Distributed Service Healthcheck¶
Introduction¶
In this walkthrough, we will setup a globally distributed healthcheck for a service that we expect to be accessible from anywhere. This walkthrough will combine Postee Actions and AWS Lambda to accomplish this.
Scenario¶
A DevOps operator gets paged about a service that they maintain. This page turns out to be flaky and non-actionable.
In order to avoid operator fatigue, we can confirm the correctness of the page by triggering several healthchecks upon the notification of such an event. These healthchecks are performed externally via Lambda functions spread across different regions.

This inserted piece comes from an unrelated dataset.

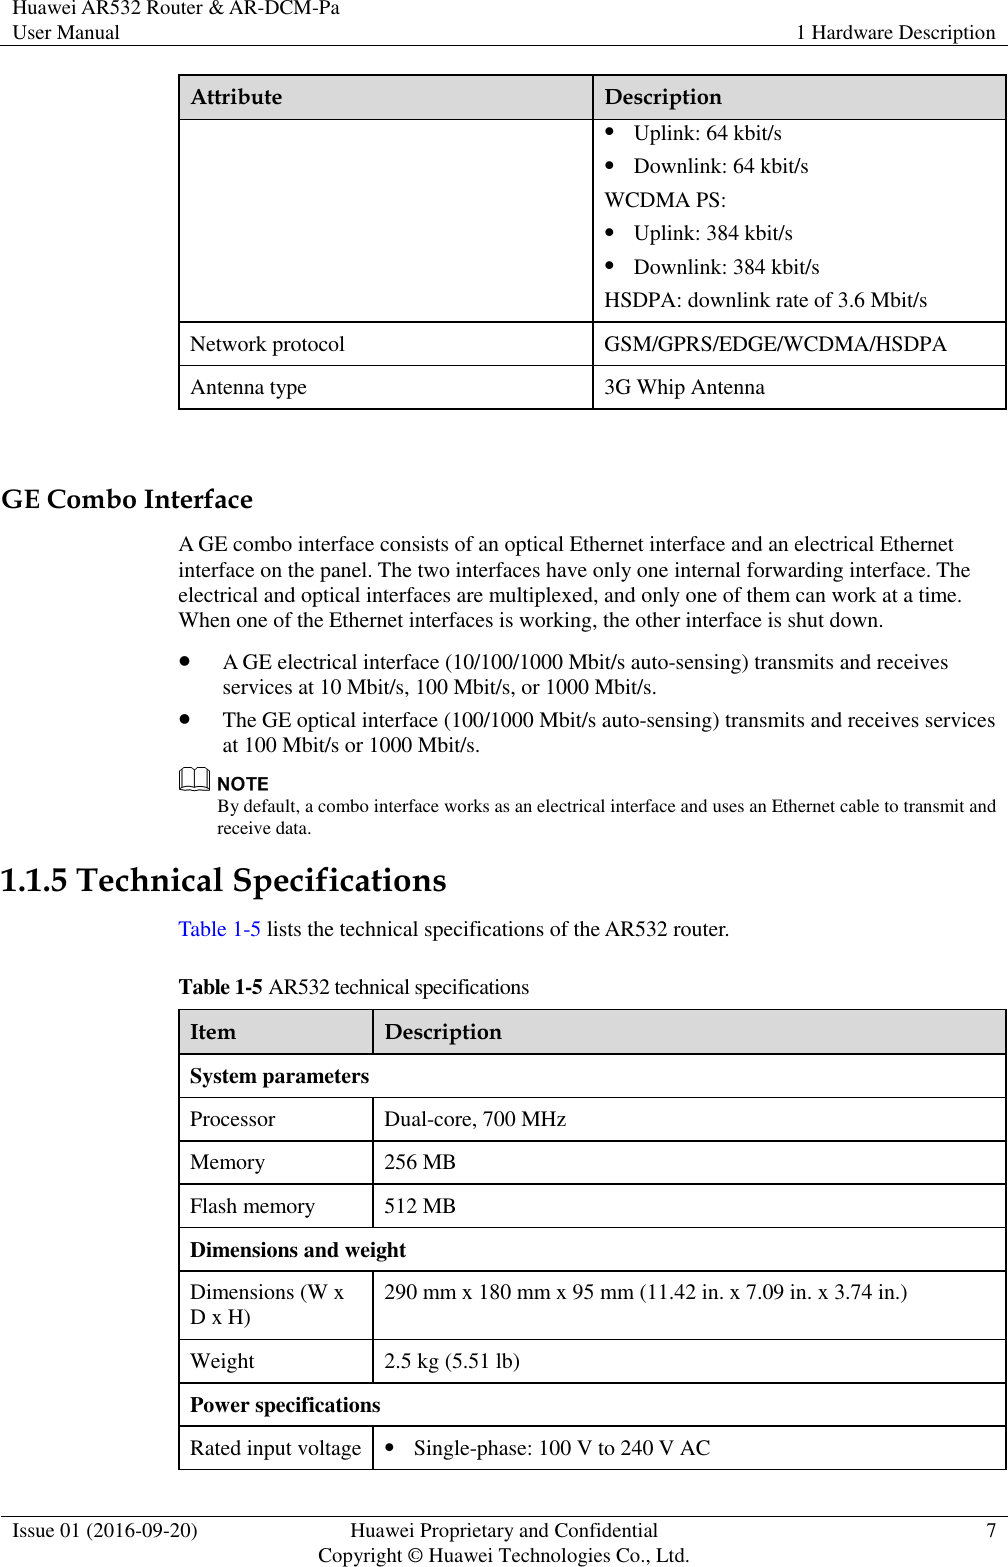 Huawei AR532 Router &amp; AR-DCM-Pa User Manual 1 Hardware Description  Issue 01 (2016-09-20) Huawei Proprietary and Confidential                                     Copyright © Huawei Technologies Co., Ltd. 7  Attribute Description  Uplink: 64 kbit/s  Downlink: 64 kbit/s WCDMA PS:  Uplink: 384 kbit/s  Downlink: 384 kbit/s HSDPA: downlink rate of 3.6 Mbit/s Network protocol GSM/GPRS/EDGE/WCDMA/HSDPA Antenna type 3G Whip Antenna  GE Combo Interface A GE combo interface consists of an optical Ethernet interface and an electrical Ethernet interface on the panel. The two interfaces have only one internal forwarding interface. The electrical and optical interfaces are multiplexed, and only one of them can work at a time. When one of the Ethernet interfaces is working, the other interface is shut down.  A GE electrical interface (10/100/1000 Mbit/s auto-sensing) transmits and receives services at 10 Mbit/s, 100 Mbit/s, or 1000 Mbit/s.  The GE optical interface (100/1000 Mbit/s auto-sensing) transmits and receives services at 100 Mbit/s or 1000 Mbit/s.  By default, a combo interface works as an electrical interface and uses an Ethernet cable to transmit and receive data. 1.1.5 Technical Specifications Table 1-5 lists the technical specifications of the AR532 router.   Table 1-5 AR532 technical specifications Item Description System parameters Processor Dual-core, 700 MHz Memory 256 MB Flash memory 512 MB Dimensions and weight Dimensions (W x D x H) 290 mm x 180 mm x 95 mm (11.42 in. x 7.09 in. x 3.74 in.) Weight 2.5 kg (5.51 lb) Power specifications Rated input voltage  Single-phase: 100 V to 240 V AC

By performing such globally distributed checks, the operator can be rest assured of the accuracy of any failures and in addition narrow out the scope of the problem.
Sample Configs¶
In this case a sample configuration for the components can be described as follows:
Postee Config¶
Postee Actions dispatches calls via the HTTP Action to 3 different AWS Lambda URLs. These requests are performed in parallel. In addition, the operator is performed of the trigger and notified via a Slack message.
routes:
- name: actions-route
input: contains(input.ServiceURL.Reachable, "false")
actions: [send-slack-message, eu-check, apac-check, na-check]
# Outputs are target services that should consume the messages
actions:
- name: send-slack-messsage
type: slack
enable: true
url: https://hooks.slack.com/services/TAAAA/BBB/<key>
- name: eu-check
type: http
enable: true
url: "https://<uuid-func>.lambda-url.<aws-region>.on.aws/"
method: POST
- name: apac-check
type: http
enable: true
url: "https://<uuid-func>.lambda-url.<aws-region>.on.aws/"
method: POST
- name: na-check
type: http
enable: true
url: "https://<uuid-func>.lambda-url.<aws-region>.on.aws/"
method: POST
Lambda Config¶
import os
from datetime import datetime
from urllib.request import Request, urlopen
SITE = "https://www.my-highly-available-website.com"
EXPECTED = "Text I expect to find"
def validate(res):
return EXPECTED in res
def lambda_handler(event, context):
timeNow = datetime.today().strftime('%Y-%m-%d-%H:%M:%S')
print('Checking {} at {}...'.format(SITE, timeNow))
try:
req = Request(SITE, headers={'User-Agent': 'AWS Lambda'})
if not validate(str(urlopen(req).read())):
raise Exception('Validation failed')
except:
print('Check failed!')
raise
else:
print('Check passed!')
return ('aquasec.com is up! at {}'.format(timeNow))
finally:
print('Check complete at {}'.format(str(datetime.now())))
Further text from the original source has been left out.